What you are asked to do » From the line that contains "Sneaker bianca talloncino marrone" down to the last line of the data below, restate every line word for word, skipping any images.

Recorded information »
#####
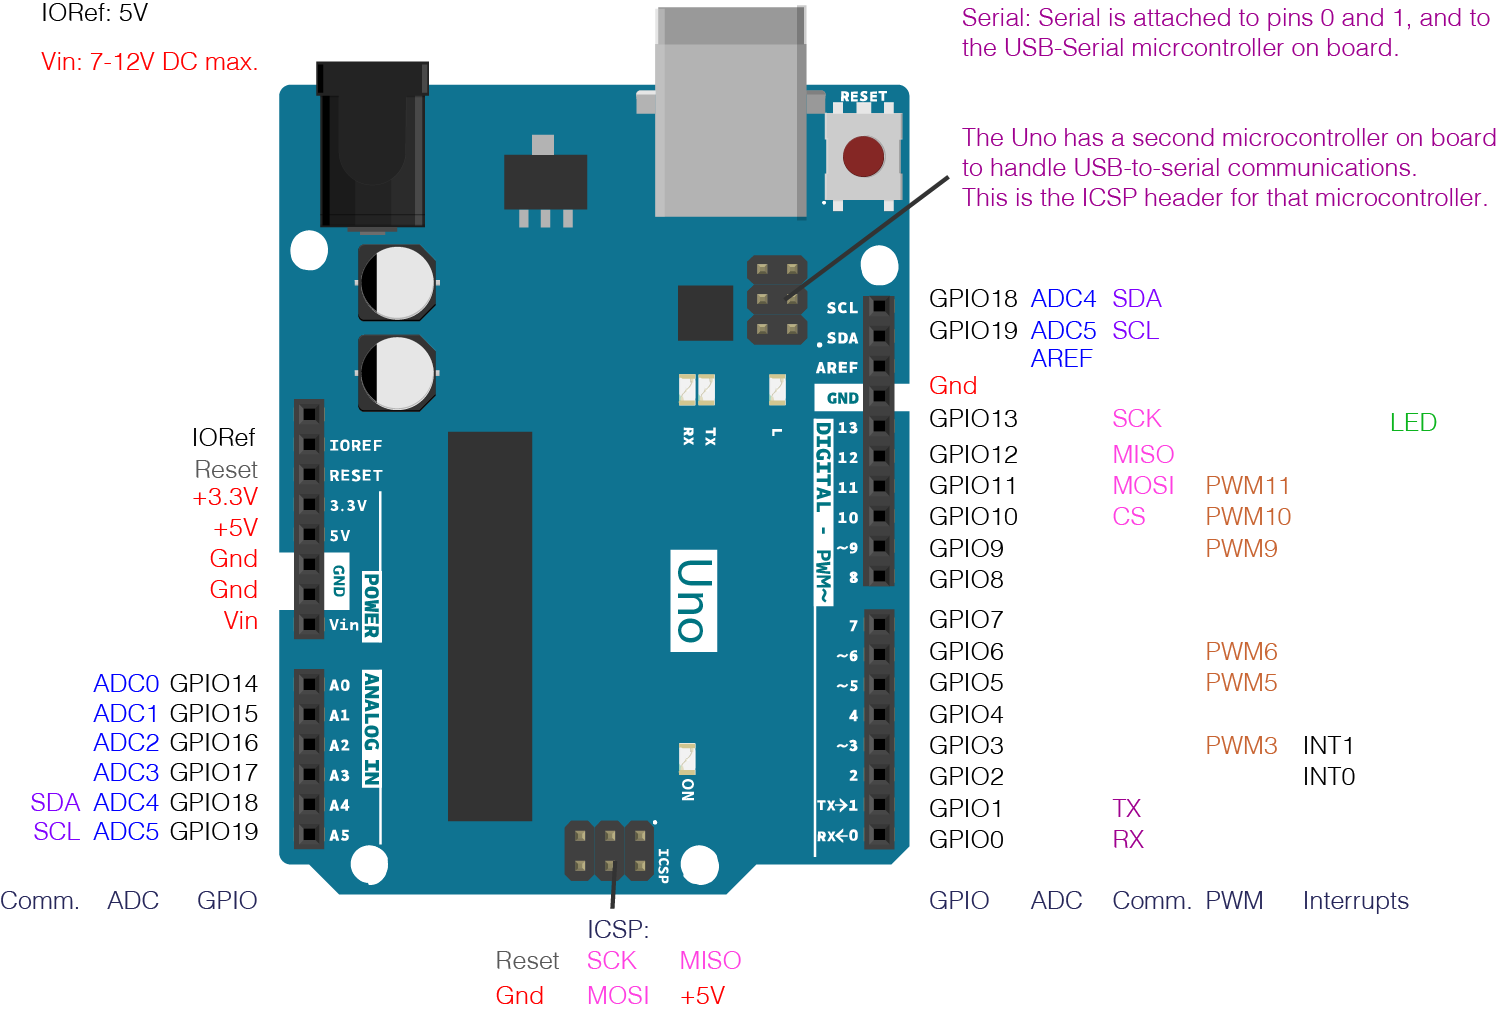 arduino mega pin configuration
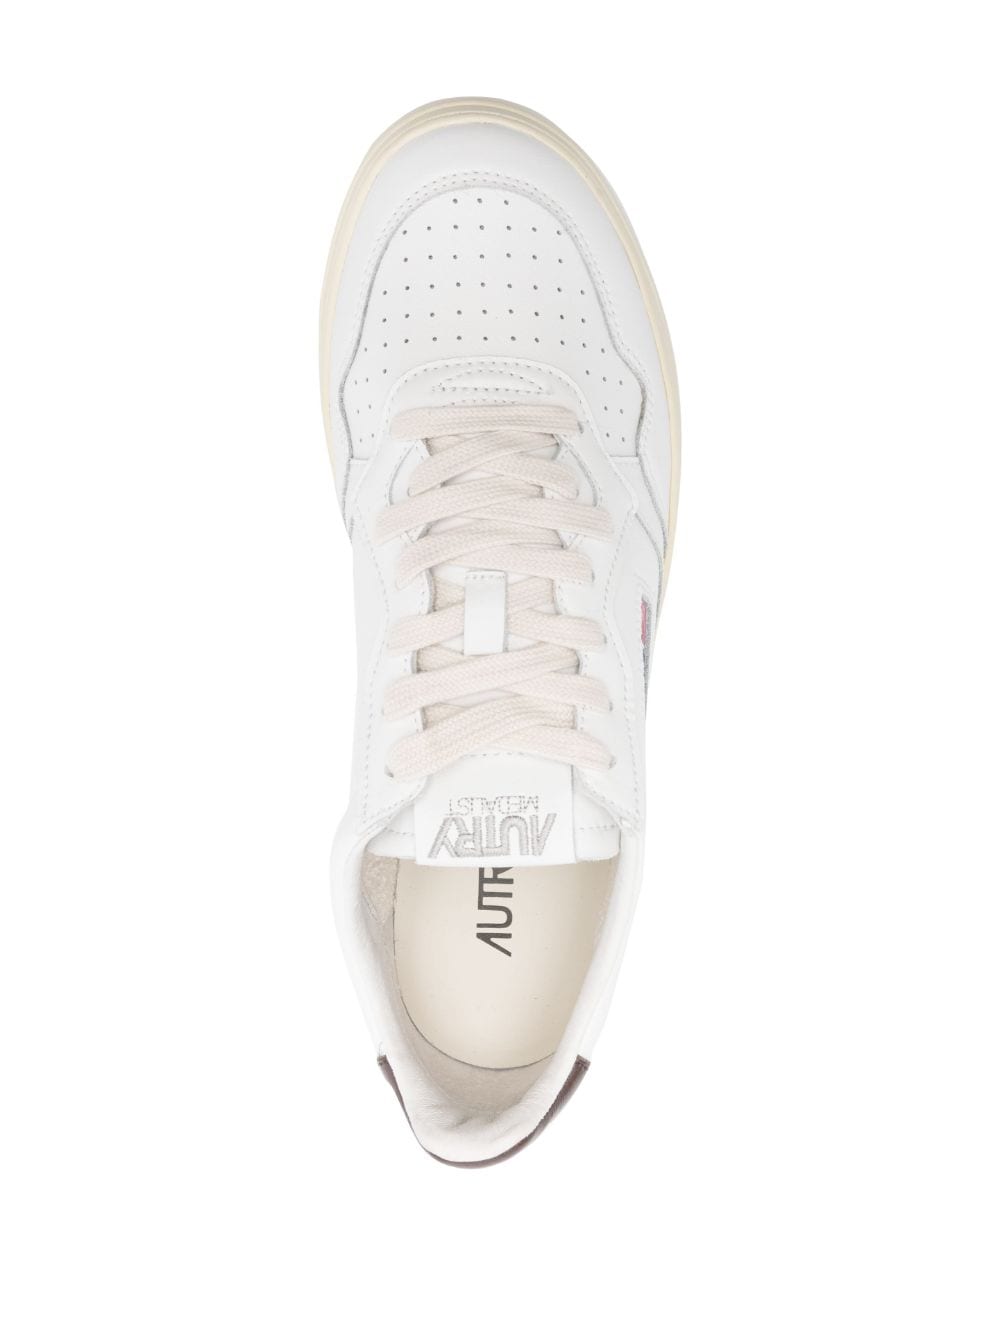 Sneaker bianca talloncino marrone
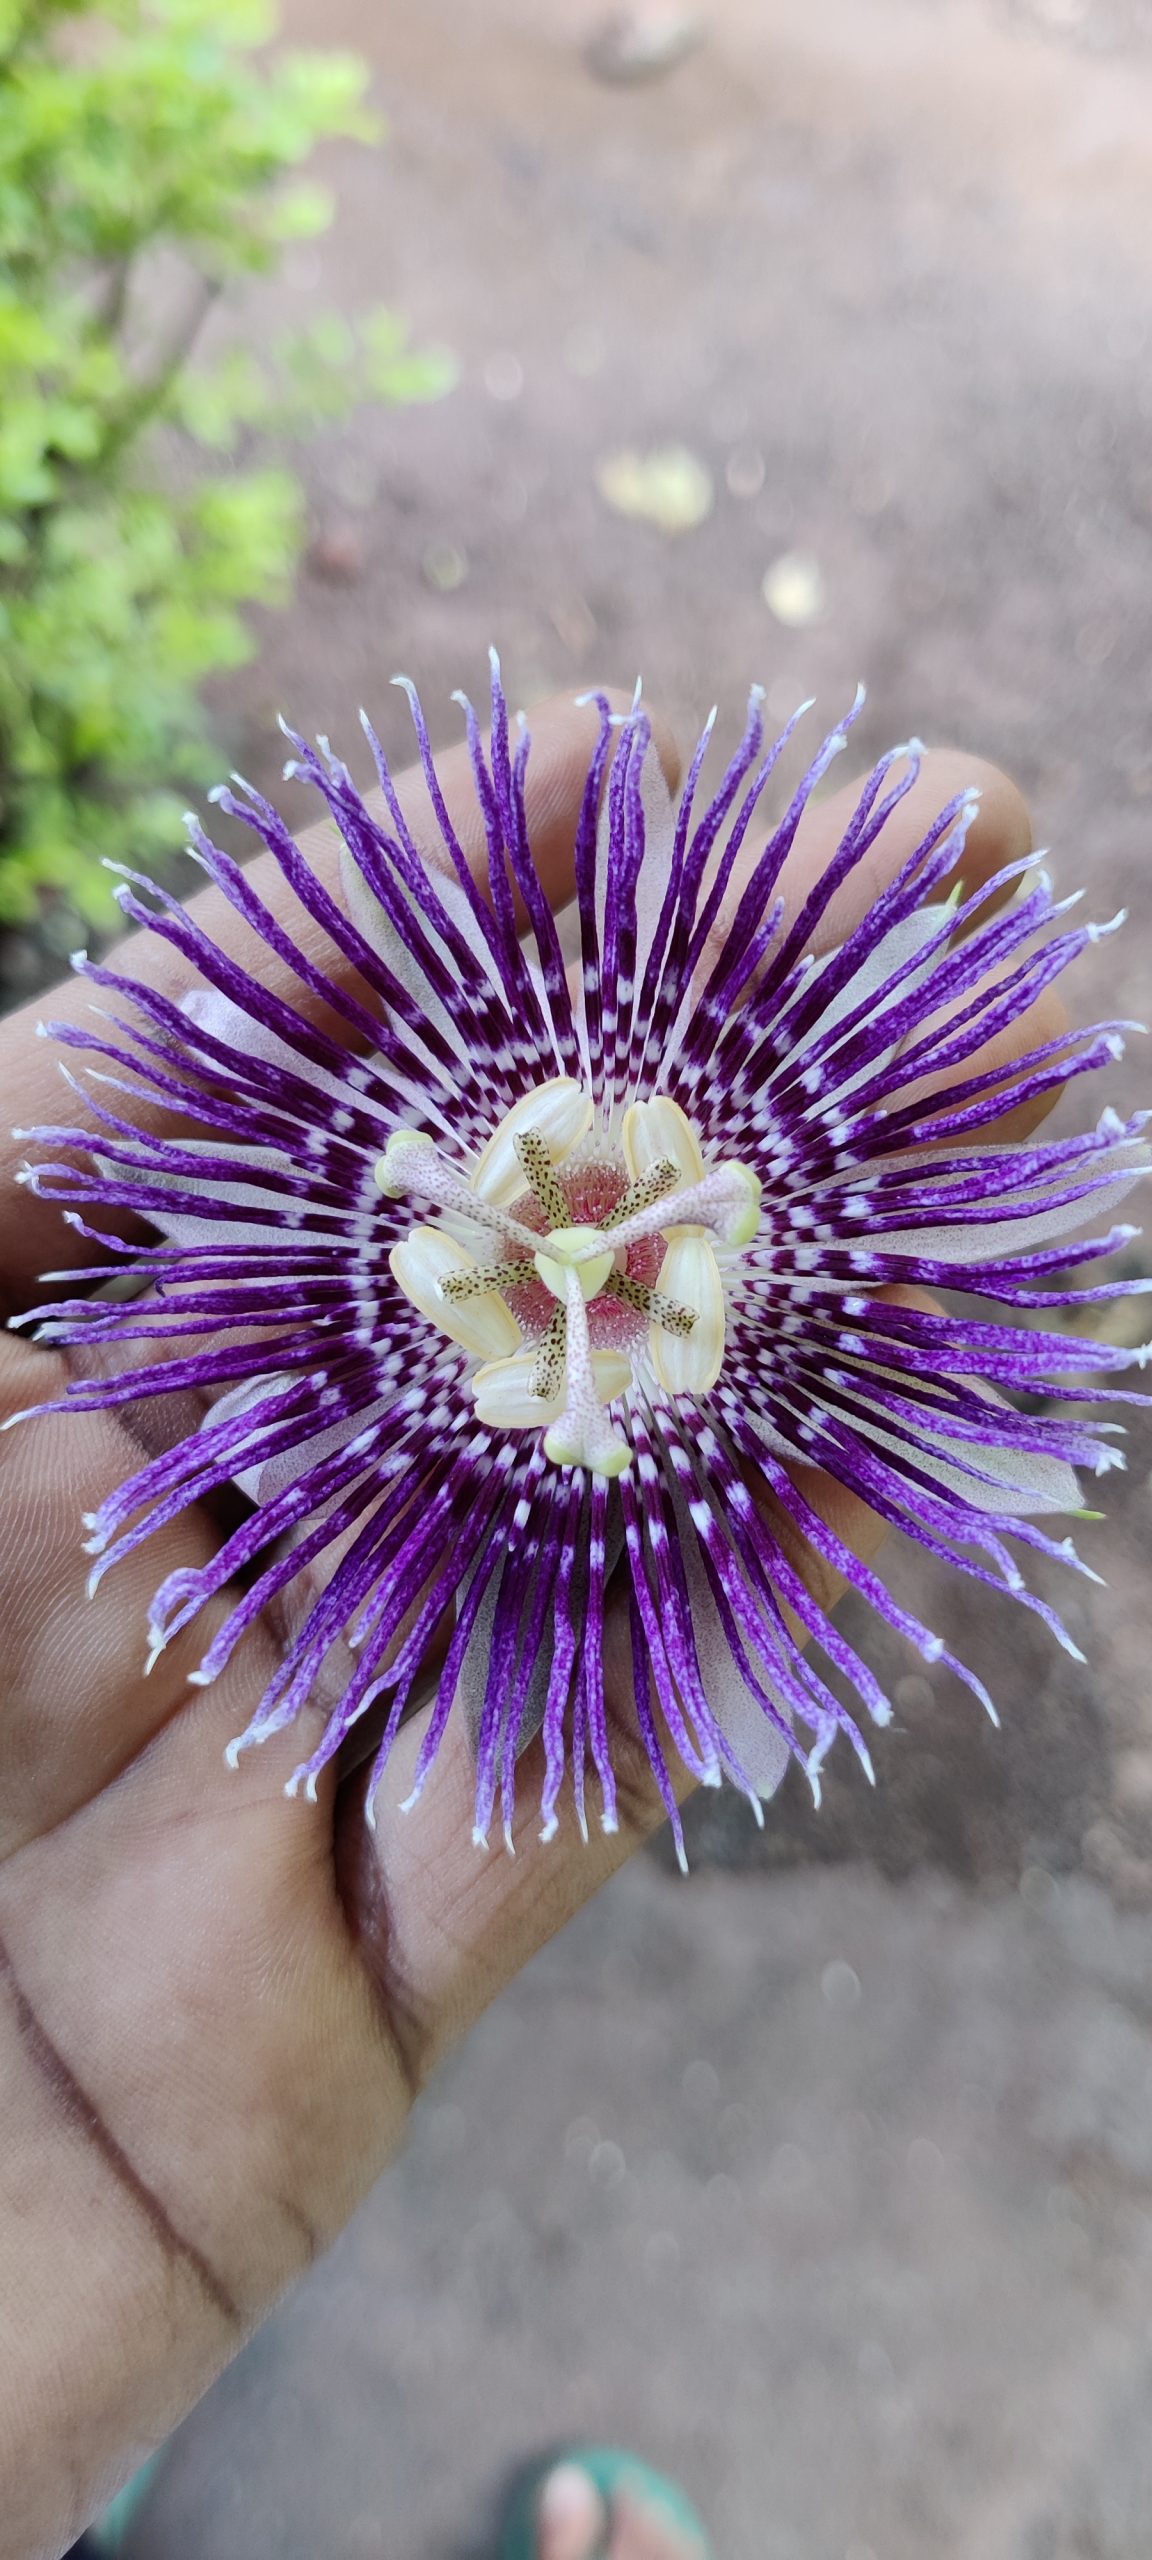 Maracuja Flower Close-up
#####
Result below »
 Sneaker bianca talloncino marrone
 Maracuja Flower Close-up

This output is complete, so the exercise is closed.